In the deeper problems of political philosophy he shows no interest. Is the key to great movements in history nothing more subtle or mysterious than the inborn restlessness of men? Had Machiavelli found this secret when he declared, “What throws empires down is that the powerful are never satisfied with their power; one rises, another dies; the ruler is for ever pining with fresh ambitions and new apprehension”? Can this be as true of democracy as of oligarchs and autocrats? Is history an unmeaning procession across a phantom scene, a fantastic cycle of strange stage-plays, where conquerors, pontiffs, law-givers, saints, jesters, march in pomp or squalor, in ephemeral triumphs and desperate reverse? Or is it, again, the record of such growth among civil communities as the naturalist traces in the succession of organisms material and palpable, and is the historian’s task to find and illustrate the laws by which the long process has been moulded? Is history, as Bossuet would persuade us, the long and solemn vindication of the mysterious purposes of God to man, the ordered working of the Unseen Powers as they raise up states and empires, then cast them headlong down again in stern and measured rhythm? How far have great events sprung from small occasions, and vast public catastrophes from puny private incidents? The extraordinary individual, an Alexander or a Cæsar, how far is he the agent, how far the master, of circumstance? Is he, in the broad aspect, only the instrument of forces viewless as the winds, a strenuous helmsman on a blind and driving tide, or is he himself the force that shapes, resists, controls, compels?
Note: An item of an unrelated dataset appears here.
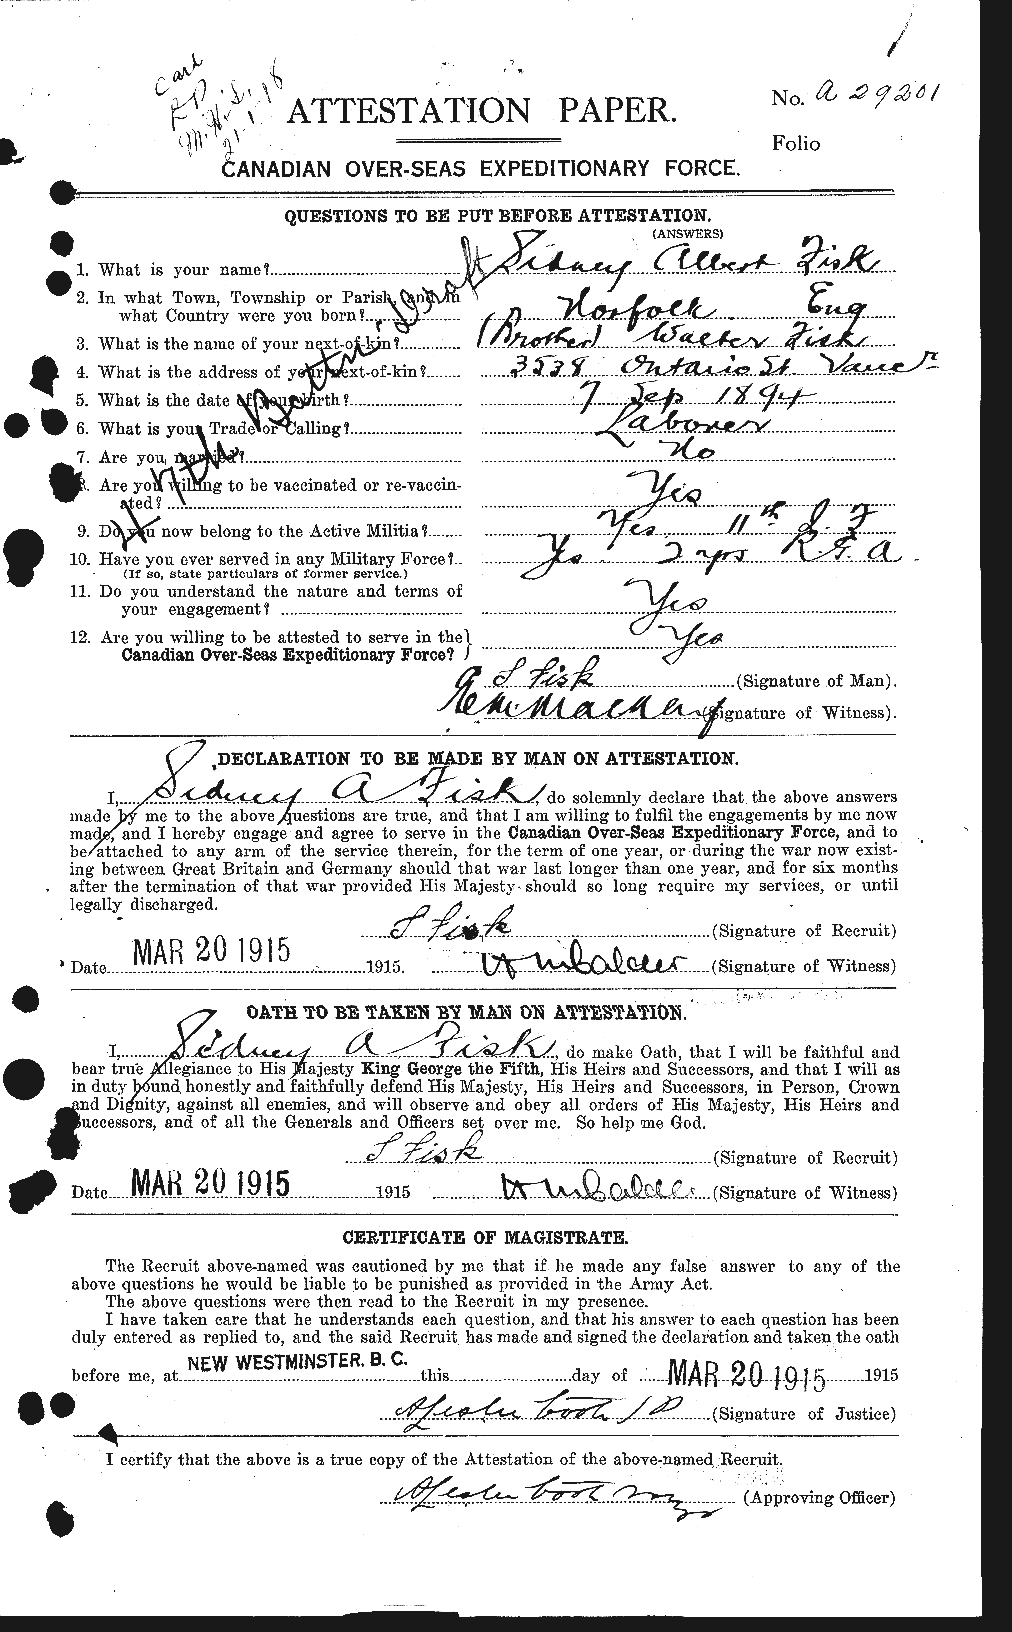 Personnel Records of the First World War - CEF 322480a

All this, Guicciardini would have said, is not history, but the interpretation of history; I am historian, not interpreter; my task is to narrate a given series of events, to show their connection with one another, to set out the character of political men, to describe parties and personal ambitions, to tell the story, and then leave you to draw your own moral, if you can find one.

His work embraces a period of rather less than forty years, from 1494 to 1532, from the memorable expedition of Charles the Eighth of France into Italy, down to the death of Pope Clement the Seventh. It comprises a long series of events that compose one of the most marked stages, transitions, or revolutions in the history of the Western world. If the Middle Ages bridge five hundred years from 1000 to 1500, modern history begins where Guicciardini begins; and when he ends, a chain of forces, powers, interests, policies, nationalities, dynasties and states, territorial rights and claims, had taken on those definite forms whose conflict, relations, distribution, make up European annals down to the time of Napoleon. Statesmen strive with varying gifts of vision to penetrate and guide the immediate tasks of their own particular time and country, but even the most far-sighted of them do but dimly grope after the broad historic significance of their age as a whole. It would have been a miracle if Guicciardini had seized the full meaning of his period, easy as it may seem for us four hundred years later. Still he was well aware that the European system was undergoing a profound change, and he comprehended how the old Italian system was overthrown within his two dates.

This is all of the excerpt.